Santa Margherita in Prigione is a genuine hermitage, a deconsecrated small church or chapel actually occupying one of the towers of the ancient city walls, west of the basilica of Santa Croce.
The main city walls as now known were a project initiated by the emperor Aurelian, and substantially complete by his death in 275. They are known as the Aurelian Walls. The chapel is just to the east of the ancient Porta Asinaria, later replaced by the present Porta di San Giovanni in 1574.
The origins of the church lie in a hermit colony established in the locality probably in the 12th century. The hermits, of both sexes, would have squatted in whatever derelict buildings were available including the rooms in the towers of the wall. This particular tower was converted into a chapel on the ground floor, and a single-room dwelling place in the room above accessible by ladder through the roof of the chapel. A surviving documentary record describes St Dominic as visiting the city's immurati, literally meaning "those in the wall", in the early 13th century. These would have been these hermits. One particular female hermit called Bona is mentioned living juxta turris Portam Lateranensem, which is probably this hermitage.
Very early on the chapel was dedicated to St Margaret of Antioch, a martyr perhaps of the early 4th century associated with Antioch in Pisidia (now near Yalvaç in central Turkey). She is extremely obscure historically, but became popular in the Middle Ages because of her fantastic fairy-tale legend. She was a special protector of women giving birth.
In the 14th century, the interior was richly decorated with frescoes of the school of Pietro Cavallini. Various papal bulls offered indulgences to pilgrims who visited the hermitage, especially on the feast-day of the saint which is 20 July. The site is near a former footpath from St John Lateran to St Cross, used by most pilgrims visiting the Seven Basilicas (the present road, Viale Carlo Felice, is modern).

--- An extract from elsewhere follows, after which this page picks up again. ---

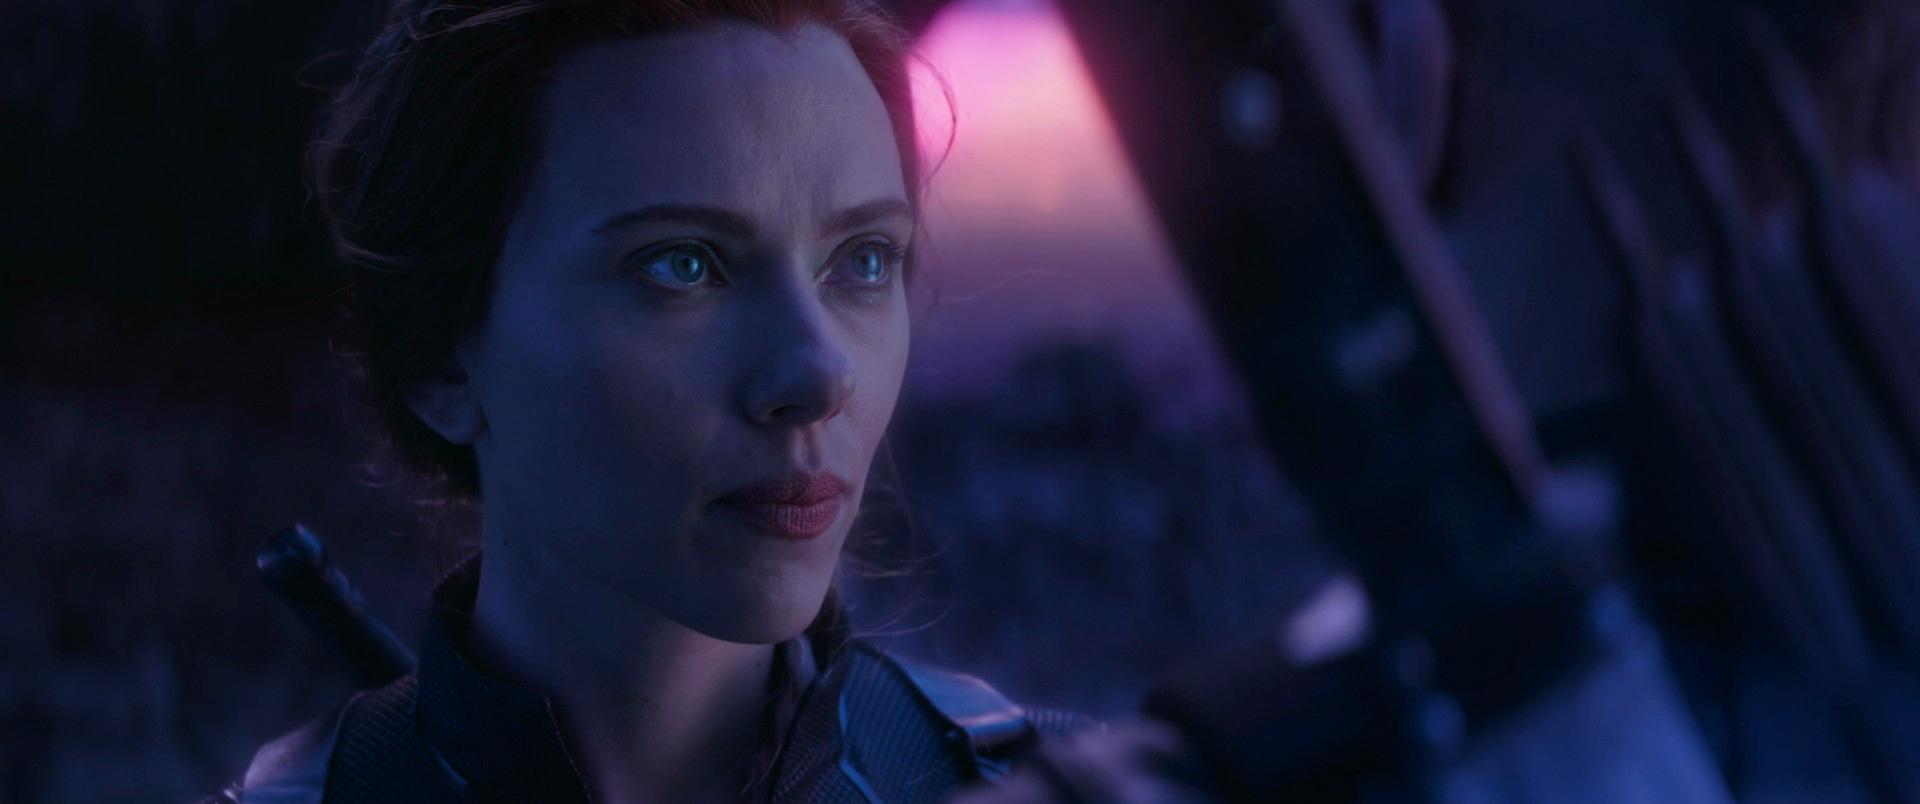 Wallpaper Scarlett Johansson Actress Women Blue Eyes

From the 17th century it was known as the “Prison of St Margaret”, which was the result of transferring the martyrdom of the saint to Rome. This historical falsehood may have come about because of her legend which describes her as taming a dragon. This was proabably conflated with the strange legend of the dragon in the Forum in the foundation legend of Santa Maria Liberatrice al Foro Romano. It was still a working hermitage in 1648, since a report of a hermit becoming violently insane survives from that year. The chapel remained open until 1878, when it was ordered closed because the tower was shedding masonry. It was reopened after two years after protests, and was restored in 1914. Remedial work was done on the tower for several years from 1932 in order to control a lean which threated to cause a collapse, and this seems to have occasioned the deconsecration of the chapel. The remains of the frescoes were discovered then, but were not preserved in situ but were removed to the museum in the convent at Santa Croce. There was another restoration in 1978, and presently it is hoped to conserve the structure to the extent that the frescoes might be returned.
The tower is best viewed from the Viale Castrense, outside the wall. It is the fourth, counting east from the Porta San Giovanni, and is marked by two arched apertures at the top, either side of the west angle. These might be the remains of a bell-chamber.
It is impossible to visit the other side without going through the gate and into the gardens on the inside of the wall. There one can see three round-arched windows in stone over the entrance.
The vaulted ceiling was frescoed to resemble a starry sky. The walls had frescoes of Our Lady being venerated by angels, also St Catherine of Alexandria, St Margaret, SS Peter and Paul and also St Benedict. There was also an unknown bishop.